The AI tools used in government and the public sector in New Zealand, organised by task, and how they connect through osFoundry.

dgm is an independent osFoundry integration partner — not affiliated with the company that makes osFoundry, and dgm has not yet completed any client integrations. This article describes services dgm offers, not past results.

Teams in government and the public sector use a mix of AI tools. The useful way to think about them is by the job they do, and how they connect to the systems you already run.

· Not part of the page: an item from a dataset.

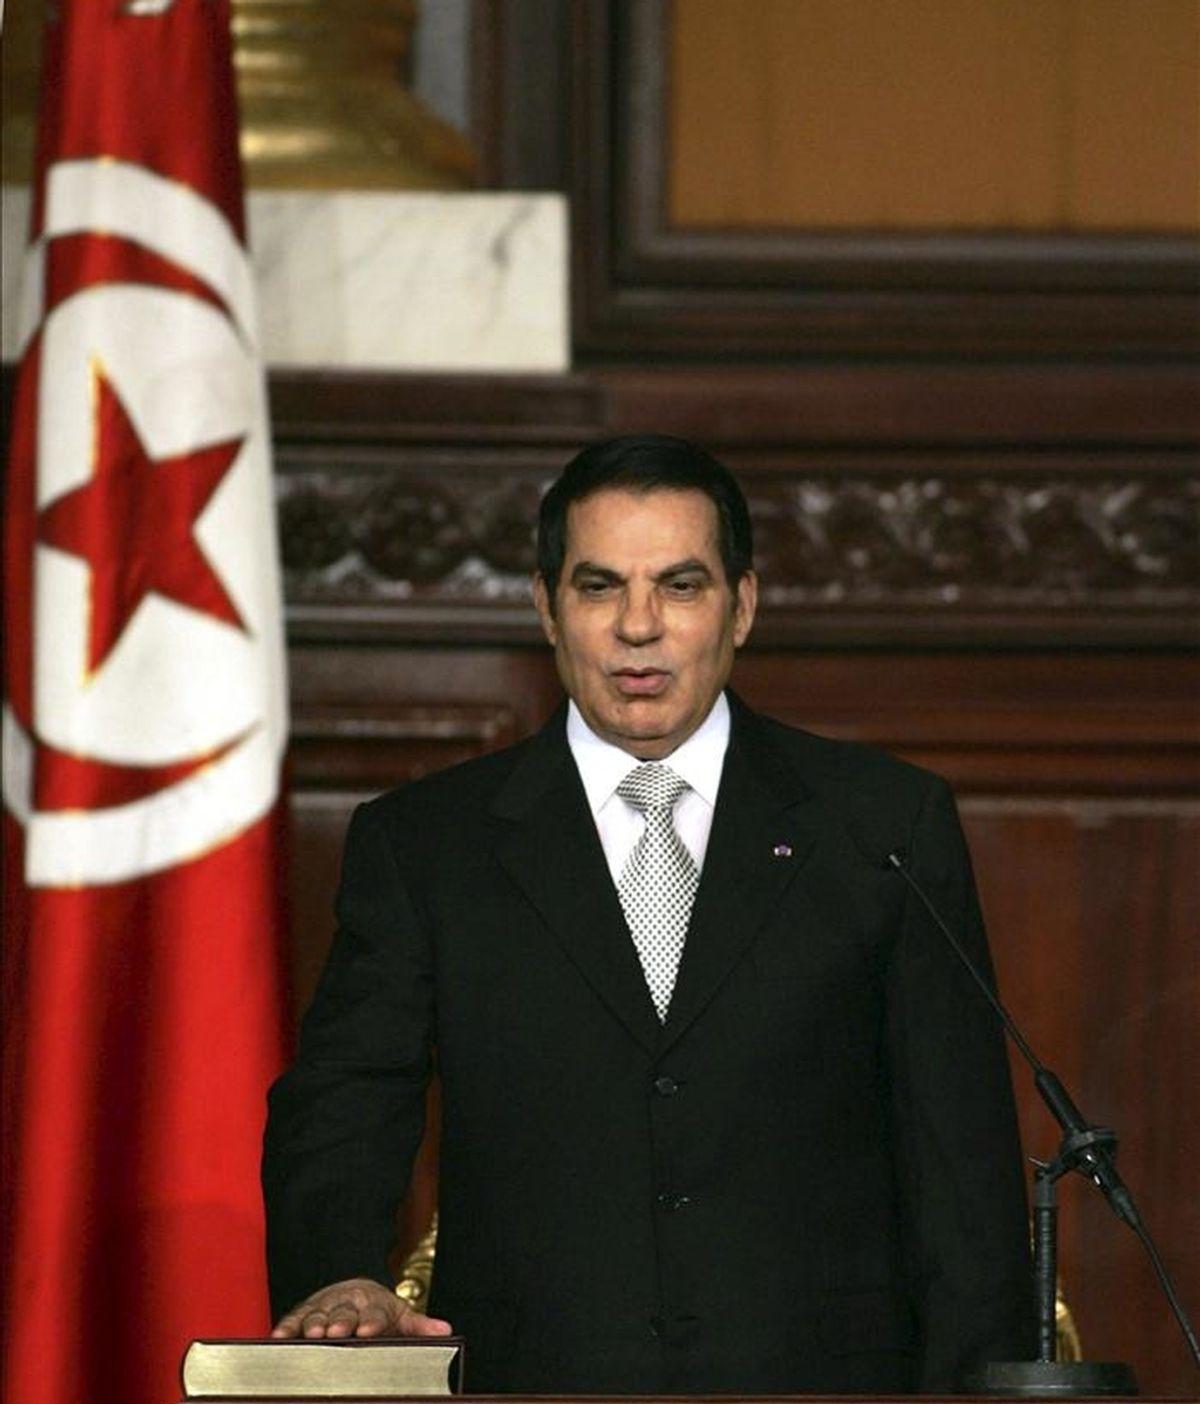 Fotografía de archivo del presidente tunecino, Zine el Abidine Ben Alí, jurando su cargo en la Asamblea Nacional en Túnez (Túnez). EFE/Archivo

AI tools by task in government and the public sector

TaskWhat AI tools do
Knowledge & searchMake your own documents and records searchable in natural language
Drafting & summarisingProduce first drafts of correspondence, reports and content for review
Customer & enquiry handlingTriage, route and draft responses to incoming requests
Data analysisSummarise and find patterns in your own operational data

Connecting tools with an orchestration layer

Rather than buying a separate AI tool for every job, many New Zealand organisations use a model-agnostic orchestration layer like osFoundry to choose models (including open-weight models via BYOK), control data, and connect to existing systems. The context to keep in view is the Department of Internal Affairs (DIA) and Local Government New Zealand (LGNZ), plus the Privacy Act 2020 wherever personal information is involved.

Data and where it lives

osFoundry’s managed cloud can pin data to its US, EU or Japan regions — there is no managed New Zealand region (the nearest managed options are Australia or Japan). If you need data to stay in New Zealand, the practical options are real today: AWS Asia Pacific (New Zealand), region ap-southeast-6 in Auckland, has been generally available since 1 September 2025, and Microsoft Azure New Zealand North (newzealandnorth, Auckland) is generally available — so you can self-host osFoundry in your own in-country cloud account (BYO cloud), or run it local-first on your own infrastructure. Google Cloud has no New Zealand region (the nearest is Sydney, australia-southeast1). There are also NZ-owned sovereign providers — Catalyst Cloud, Datacom and CCL/Revera — that keep data under New Zealand ownership and law. One caveat worth stating plainly: the US CLOUD Act (2018) lets US authorities compel data held by US-headquartered providers regardless of where it is physically stored, so an Auckland AWS or Azure region improves physical location and helps with the Privacy Act 2020 but does not by itself remove the jurisdictional exposure of a US-parent provider. Physical residency is not the same as jurisdictional sovereignty — verify the right region and provider for your own risk profile.

How dgm can help

dgm is an independent integration partner that helps New Zealand organisations put osFoundry to work — from choosing a worthwhile first use case through to the hands-on build and connecting it to the systems you already run. dgm can help organisations in government and the public sector select the right AI tools and connect them on osFoundry. dgm is not affiliated with the company that makes osFoundry, and it has not yet completed any client integrations, so what is described here is the service dgm offers, not past results. If you want help scoping a realistic first project, dgm can work through it with you.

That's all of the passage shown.